Collecting metrics, logs, and traces is only valuable if someone or something acts on them.
An alert that fires but goes unnoticed, an incident that requires ten manual steps to respond to, or an on-call engineer who receives hundreds of notifications and cannot identify which ones matter.
These are signs that observability data is not being turned into effective action.
What Makes a Good Alert
Before building alerts, it is worth defining what a good alert looks like. A good alert has three properties:
1. Actionable: When the alert fires, there is a clear action the recipient should take. An alert that says "CPU is high" with no context and no defined response is not actionable. An alert that says "API error rate exceeded 5% for 3 consecutive minutes — check CloudWatch Logs for payment-service errors" is.
2. Accurate: The alert fires when there is a real problem and does not fire when there is not. An alert that fires frequently without a real problem is called a false positive, and it is the fastest way to train your team to ignore alerts entirely.
3. Timely: The alert fires early enough for the team to respond before significant user impact occurs.

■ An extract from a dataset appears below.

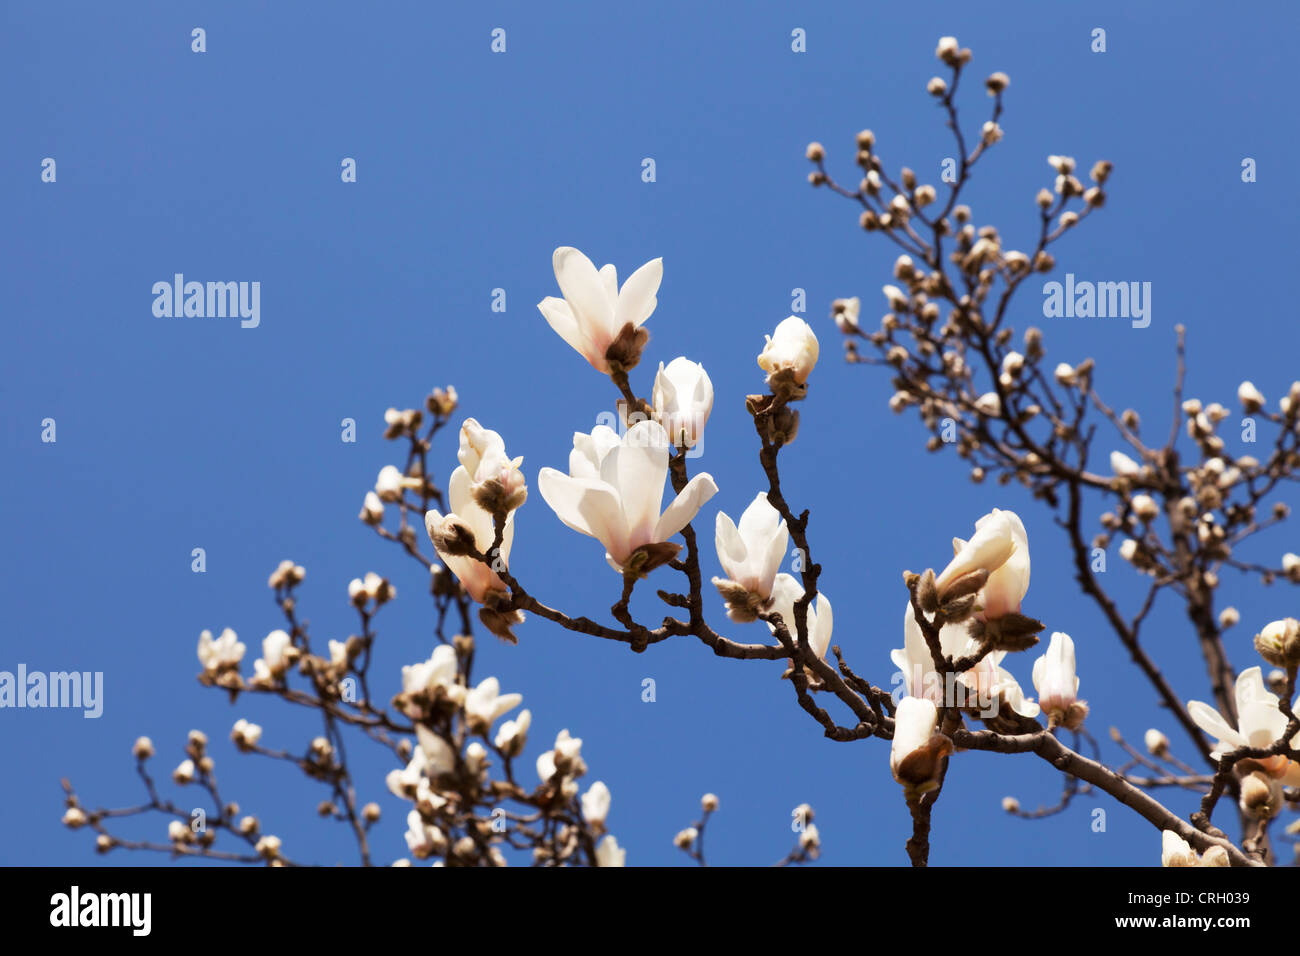 Uno dei primi segni di primavera a Pechino in Cina - magnolia che esplode nel blumo contro un profondo cielo blu. DOF poco profondo. Foto Stock

An alert that fires 30 minutes after a problem started is better than nothing but not good enough for a production system.
CloudWatch Alarms as the Foundation
CloudWatch Alarms are the primary alerting mechanism on AWS. The key to effective alerting is configuring them correctly.
1. Use multiple evaluation periods: Rather than alarming on a single data point, which can be a spike require the metric to breach the threshold for several consecutive evaluation periods. For example, error rate above 5% for 3 out of 3 evaluation periods of 1 minute each. This eliminates transient spikes from triggering false alarms.
2. Alert on symptoms, not causes: Alert on what users experience — high error rates, slow response times, unavailability — rather than on internal system metrics like CPU usage. CPU at 90% may or may not be a problem. An error rate of 10% definitely is.
3. Use composite alarms: Composite alarms combine multiple alarms with AND/OR logic. Alert only when error rate is high AND latency is elevated — not just when one condition is true alone. This dramatically reduces noise.
Routing Alerts — Amazon SNS
When a CloudWatch Alarm fires, it sends a notification to an Amazon SNS topic. SNS then distributes that notification to one or more subscribers — email addresses, SMS numbers, HTTP endpoints, Lambda functions, or SQS queues.
Alert Routing Best Practices
Route alerts by severity. A critical production outage should wake someone up immediately. A warning about elevated memory usage during off-hours can wait until morning.

When an alert fires and requires human response, a defined incident response workflow ensures the right things happen in the right order, quickly and consistently, regardless of who is on call.
AWS Systems Manager Incident Manager
AWS Systems Manager Incident Manager is a purpose-built incident response service. When an alert fires, Incident Manager can automatically:
1. Create an incident record with the alert details, affected resources, and severity.
2. Page the on-call engineer through PagerDuty, OpsGenie, or SMS.
3. Start a video bridge for team coordination.
4. Attach a runbook — step-by-step response instructions — directly to the incident.
5. Track all actions taken during the incident for the post-mortem.
This means the moment an alarm fires, the entire incident response process kicks off automatically, without someone needing to manually create a ticket, find the runbook, and notify the team.
Runbooks
A runbook is a documented procedure for responding to a specific type of incident. Every common incident type should have a runbook:
1. API error rate spike — check these CloudWatch logs, look for these patterns, escalate if X.
2. Database connection exhaustion — run this query, check these metrics, apply this fix.
3. Deployment failure — roll back using this procedure, notify these people.
Runbooks reduce the cognitive load on the on-call engineer, especially at 3am, and ensure the response is consistent regardless of experience level.
AWS Systems Manager Automation can make runbooks executable, rather than a document of manual steps, an automation runbook runs the steps programmatically.
A Lambda function is invoked, an EC2 instance is restarted, a scaling policy is adjusted — all triggered automatically from the incident record.
Automated Remediation
The most mature incident response involves no human at all for well-understood failure modes. Automated remediation uses Lambda functions triggered by CloudWatch Alarms to respond to incidents automatically.

The pattern is always the same, CloudWatch Alarm fires → SNS topic receives notification → Lambda function is invoked → remediation action is taken automatically.
Post-Incident Reviews
Every significant incident, and many minor ones — should be followed by a post-mortem or post-incident review. DevOps culture treats these as blameless learning exercises.
A post-mortem answers:
1. What happened and when?
2. What was the user impact?
3. What caused the incident?
4. How was it detected — alert, user report, or accidental discovery?
5. What actions were taken and did they help or hurt?
6. What can be done to prevent recurrence?
7. What can be done to detect it faster next time?
The output of a post-mortem should be concrete action items — new alerts, runbook improvements, infrastructure changes, or code fixes with owners and deadlines.